Personal information
- Full name: Lothian George Bonham-Carter
- Born: 29 September 1858 Adhurst St Mary, Hampshire, England
- Died: 13 January 1927 (aged 68) Buriton, Hampshire, England
- Batting: Right-handed
- Bowling: Unknown-arm roundarm slow
- Relations: Stuart Bonham Carter (son) Anthony Abdy (brother-in-law)

Domestic team information
- 1880–1885: Hampshire

Career statistics
| Competition | First-class |
| Matches | 8 |
| Runs scored | 260 |
| Batting average | 17.33 |
| 100s/50s | –/2 |
| Top score | 67 |
| Balls bowled | 108 |
| Wickets | 2 |
| Bowling average | 31.50 |
| 5 wickets in innings | – |
| 10 wickets in match | – |
| Best bowling | 2/22 |
| Catches/stumpings | 5/– |
- Source: Cricinfo, 21 July 2011

= Lothian Bonham-Carter =

English cricketer

Lothian George Bonham-Carter (29 September 1858 – 1 January 1927) was an English first-class cricketer and businessman involved in brewing.

==Biography==
The son of the politician John Bonham-Carter, he was born into the prominent Bonham Carter family, in September 1858 at Adhurst St Mary, Hampshire. He was educated at Clifton College, where he played for and captained the college cricket team. Following the completion of his education, he enlisted into the Gloucestershire Engineer Volunteer Corps as a supernumerary sub-lieutenant in March 1876. In July of that year, he attended the Royal Indian Engineering College (RIEC) on the Cooper's Hill Estate in Surrey. He joined the 1st Berkshire Rifle Volunteer Corps as a second lieutenant in November 1878, before resigning his commission in June 1880. In the month which followed his resignation, Bonham-Carter made his debut in first-class cricket for Hampshire against the Marylebone Cricket Club at Lord's in 1880. A gap of four years would pass until he next played first-class cricket, with him making a further seven appearances in 1884 and 1885; following the 1885 season, Hampshire lost their first-class status on the back of poor results. In eight first-class matches, he scored 260 runs at an average of 17.33; he made two half centuries, with a highest score of 67. He was known to play rugby union, having represented Surrey while at the RIEC.

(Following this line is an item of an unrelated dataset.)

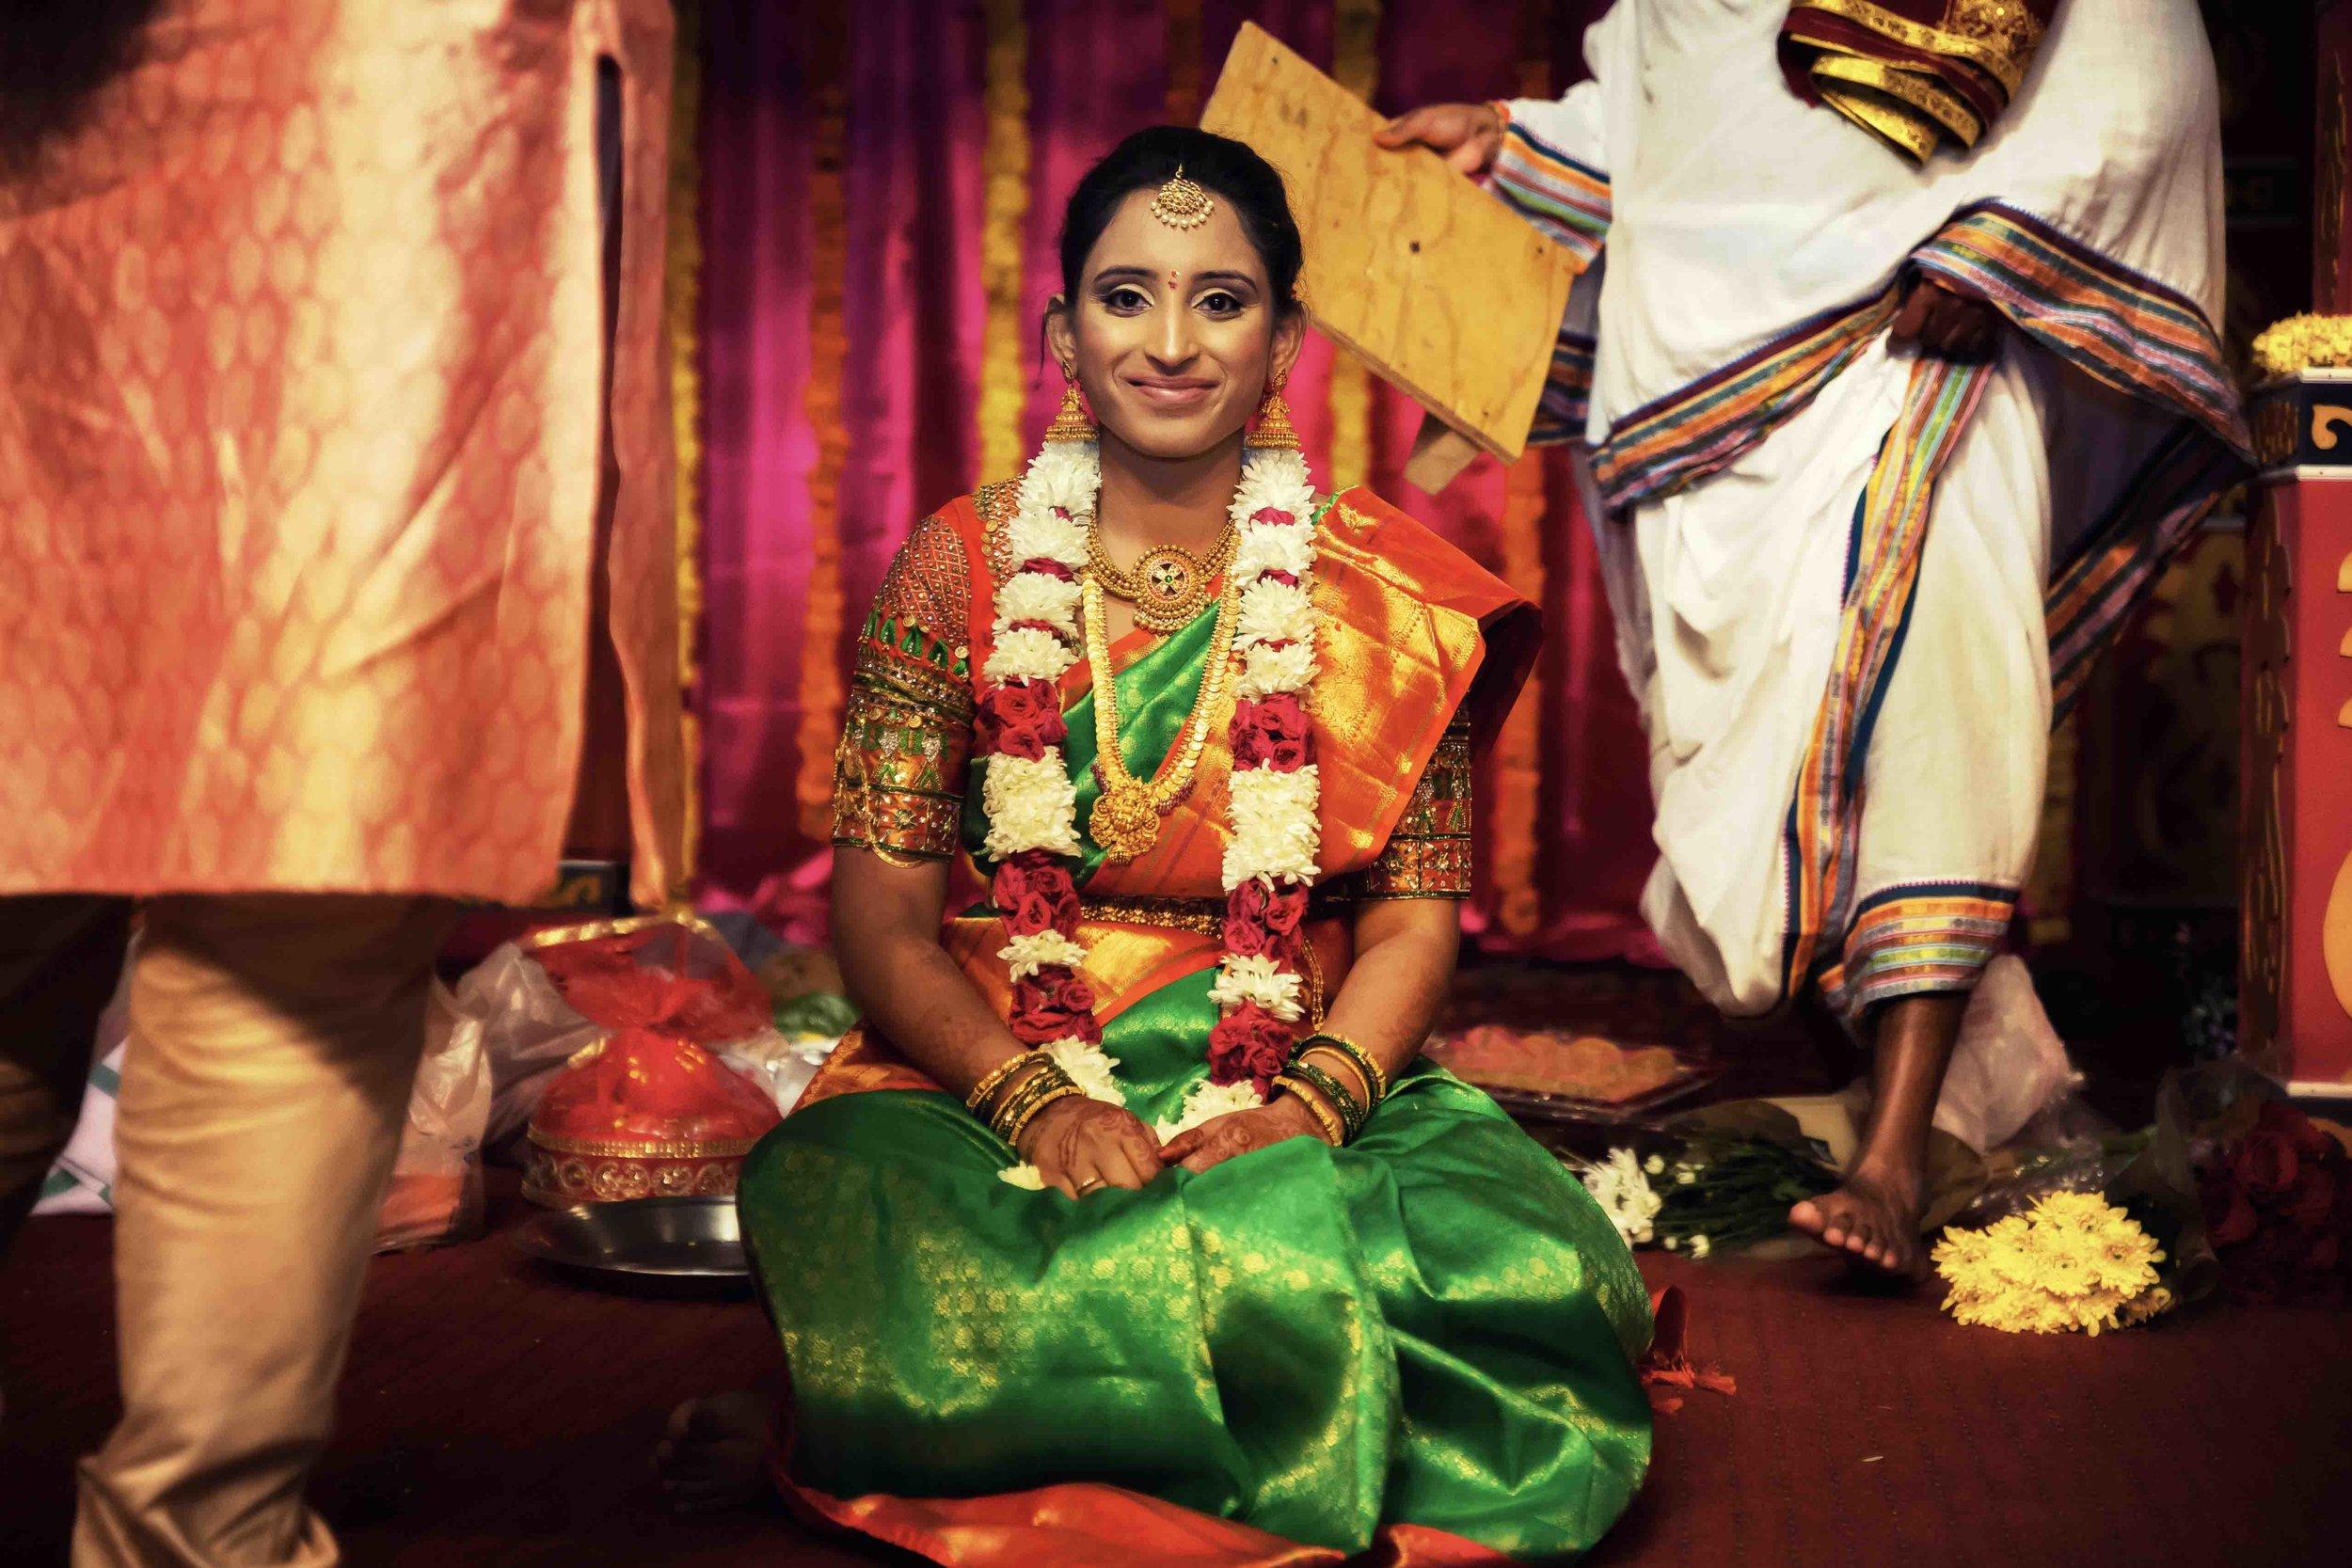 Indian Bride and Mandir Pooja wedding photographer in memphis collierville tn.jpg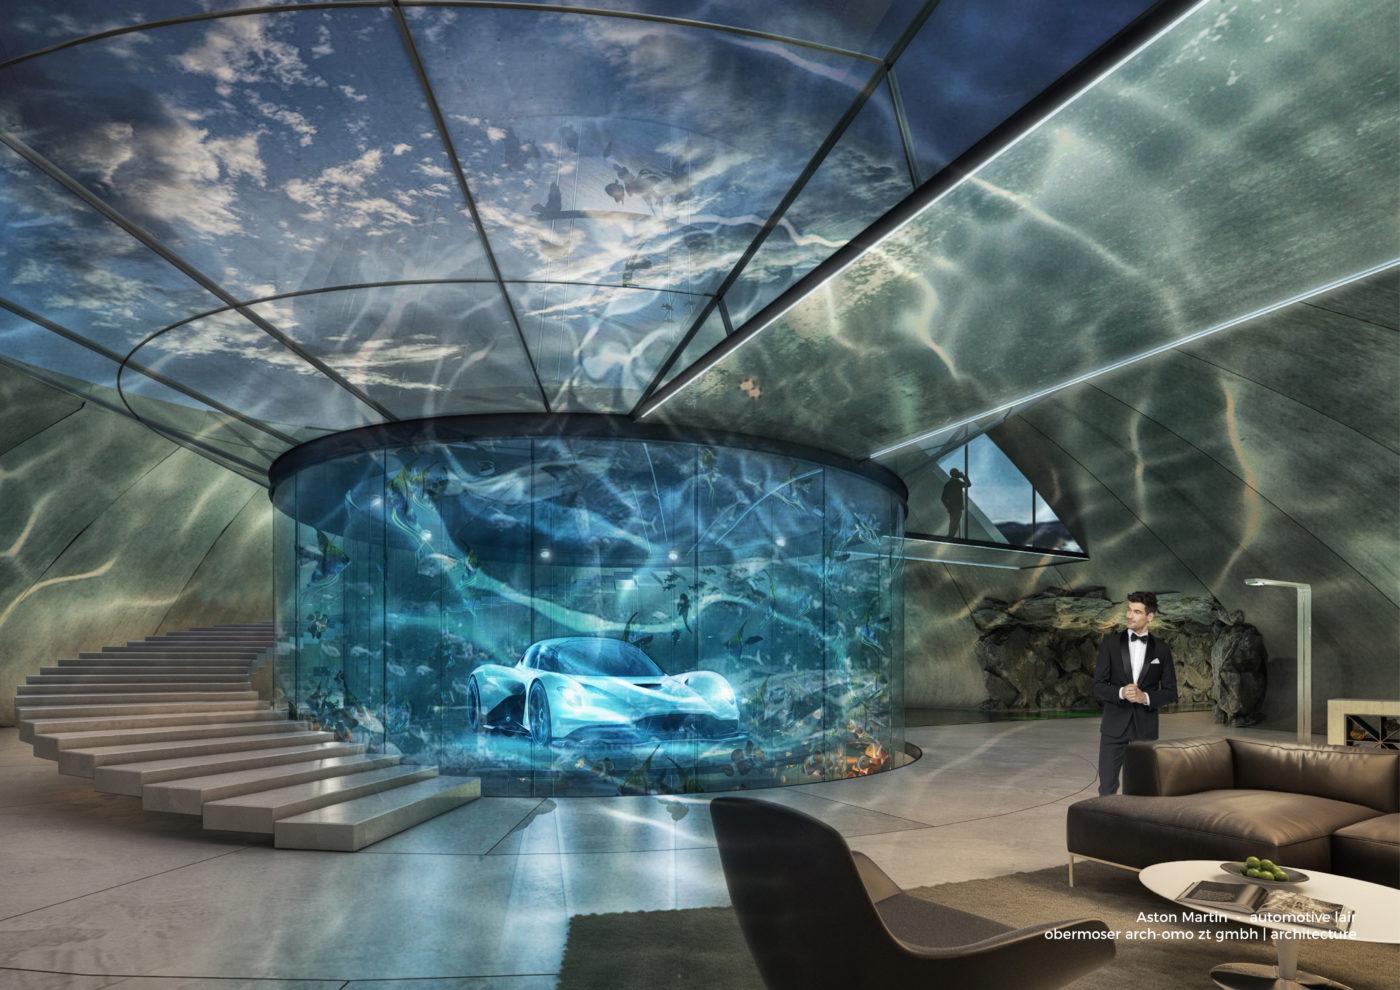 Work With Aston Martin To Custom Design Your Garage

For his living, Bonham-Carter was both a brewer and a sheep farmer. As a brewer, he was a managing director of the Brickwood brewery in Portsmouth, having previously assisted his family with their running of the Spicer brewery. He was also a justice of the peace and a former chairman of the East Hampshire Conservative Association. He married Emily Maud in 1882, with her predeceasing him. Their son, Stuart, was a first-class cricketer and a vice-admiral in the Royal Navy. Bonham-Carter died in January 1927, following a short illness at his Buriton House residence in Buriton, Hampshire. His estate passed to his eldest son, Algernon, with parts of it being sold to the Forestry Commission to cover death duties.